Marte y Venus colisionan

Kathleen Parker
Kathleen Parker
lunes, 25 de mayo de 2009, 00:49 h (CET)
Escuchar pronunciar sus respectivos discursos de seguridad nacional el jueves al Presidente Obama y al ex Vicepresidente Cheney me puso en la piel de John Gray, el autor de "Los hombres son de Marte y las mujeres son de Venus.”

Hombres diferentes, planetas diferentes. ¿O no?

Obama, en pie frente a la Constitución de los Estados Unidos y dirigiéndose al Cuerpo de Letrados de la Fiscalía, fue la voz tranquila de la confianza, el redentor de la razón. Habló orgullosamente de ideales estadounidenses e invocó a nuestros mejores ángeles.

Reiterando su defensa de cerrar Guantánamo, rechazada en votación por el Senado la víspera, también dijo que no hay garantías de que los terroristas no vuelvan a atacar ni de que no vayan a morir americanos como resultado. Pero vamos a ganar de todas formas. ¿Cómo?

Siendo buenos.

"Porque los terroristas sólo pueden tener éxito si alimentan sus filas y alienan a América de sus aliados, y nunca podrán hacer eso si permanecemos fieles a quienes somos; si forjamos enfoques firmes y duraderos para combatir el terrorismo anclados en nuestros ideales intemporales.”

Así habló Venus.

Y yo pensé: qué buen hombre. Esto es lo que necesita América.

Entonces vino Cheney. Hablando en el American Enterprise Institute, no escatimó detalles en su crítica a las políticas de seguridad de la administración Obama ni en defender las de la administración Bush.

Su voz también fue tranquila y razonada, sus comentarios agudos y certeros a la vez.

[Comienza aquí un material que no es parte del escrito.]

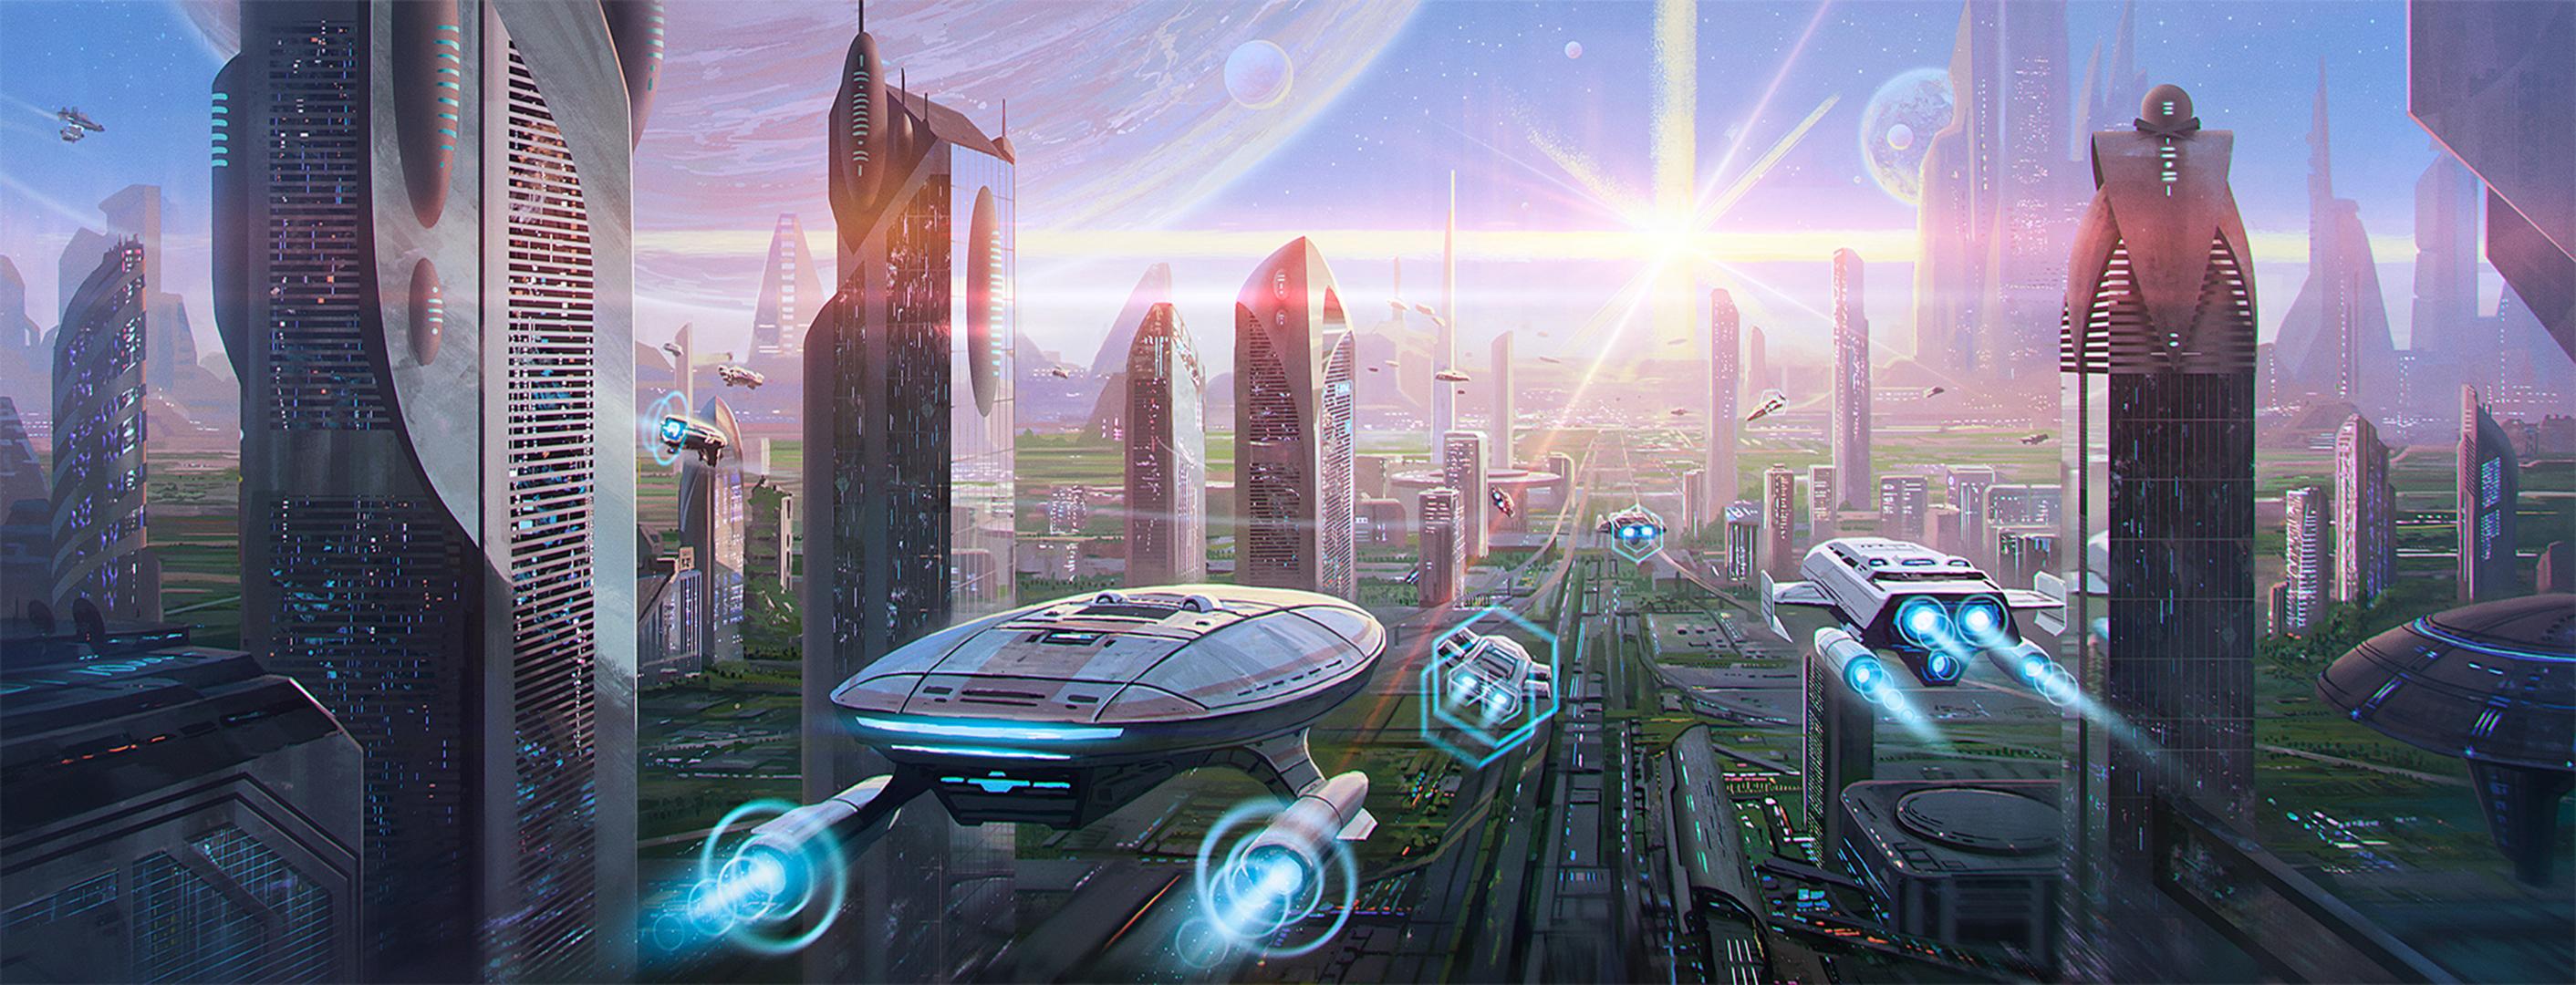 资讯_哇,科幻片中的城市交通快成现实了!-全球资讯-文章资讯栏目 ...

Cheney dijo seguir siendo partidario firme del interrogatorio avanzado, del que dijo era utilizado solamente "sólo con los terroristas más duros después de que el resto de los medios hubieran fallado.” Los interrogatorios "fueron legales, esenciales, estaban justificados y fueron fructíferos, y fueron lo correcto que había que hacer.”

Cheney fue especialmente contundente al criticar la "desclasificación selectiva" de documentos relativos al programa de interrogatorio por parte de Obama sin desclasificar también la información de Inteligencia obtenida en los interrogatorios.

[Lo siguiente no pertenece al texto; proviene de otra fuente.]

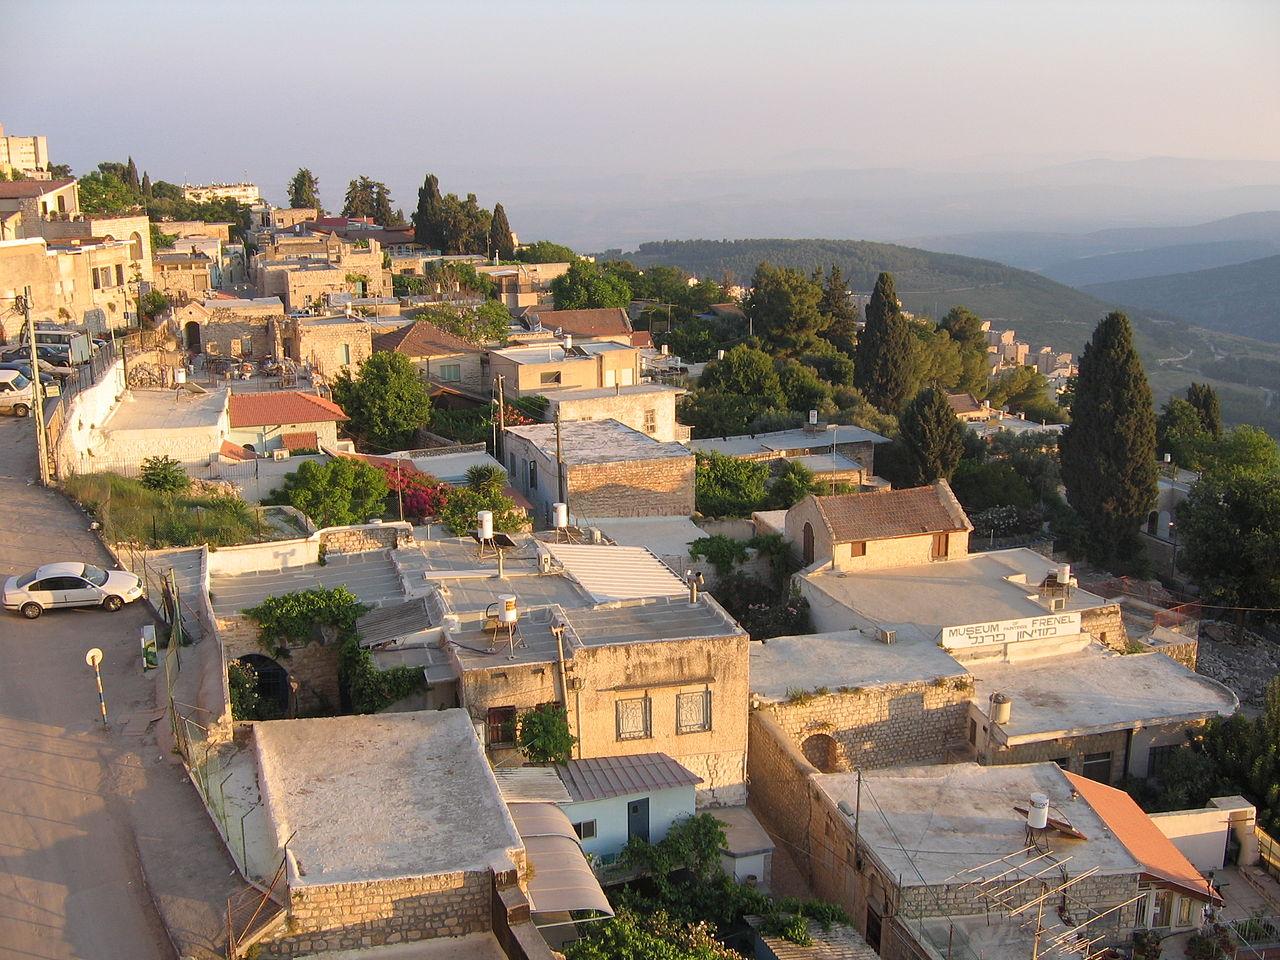 Wohnviertel in Safed

"A la opinión pública no se le han dado sino medias verdades," decía. "Los memorandos desclasificados fueron redactados cuidadosamente para eliminar las referencias a lo que descubrió nuestro gobierno durante la aplicación de los métodos en cuestión.”

¡Hola, Marte! Estoy pensando: (BEG ITAL)esto(END ITAL) es exactamente lo que necesita la nación. Alguien que dispare al objetivo (bueno, hablando figurativamente).

En suma: retórica elevada e inspiradora por una parte y determinación implacable por la otra. Dos hombres muy diferentes, que no tienen nada que ver. El veterano con décadas de experiencia a sus espaldas y un cuchillo por sonrisa frente al recién llegado con brillo lunar en sus ojos. ¿Cuál es el bueno? ¿Es la respuesta sólo una cuestión de ideologías, o hay una verdad más importante oculta en esto?

Quizá ambos tengan razón en su momento y lugar, teniendo en cuenta sus experiencias y perspectivas. Desde la seguridad relativa de quien mira al pasado, es más fácil decir que podríamos haber hecho las cosas de otra manera. En palabras de Cheney: "Contemplar un devastador ataque coordinado contra nuestro país desde un búnker subterráneo en la Casa Blanca puede afectar la forma en la que se entienden las responsabilidades de uno.”

Puede ser que Obama sea simplemente más sabio que todos los demás americanos que apoyaron la invasión de Irak. Quizá sea un hombre de mayor carácter moral que aquellos en la CIA y el Departamento de Justicia que decidieron que el interrogatorio avanzado estaba justificado para evitar otro ataque.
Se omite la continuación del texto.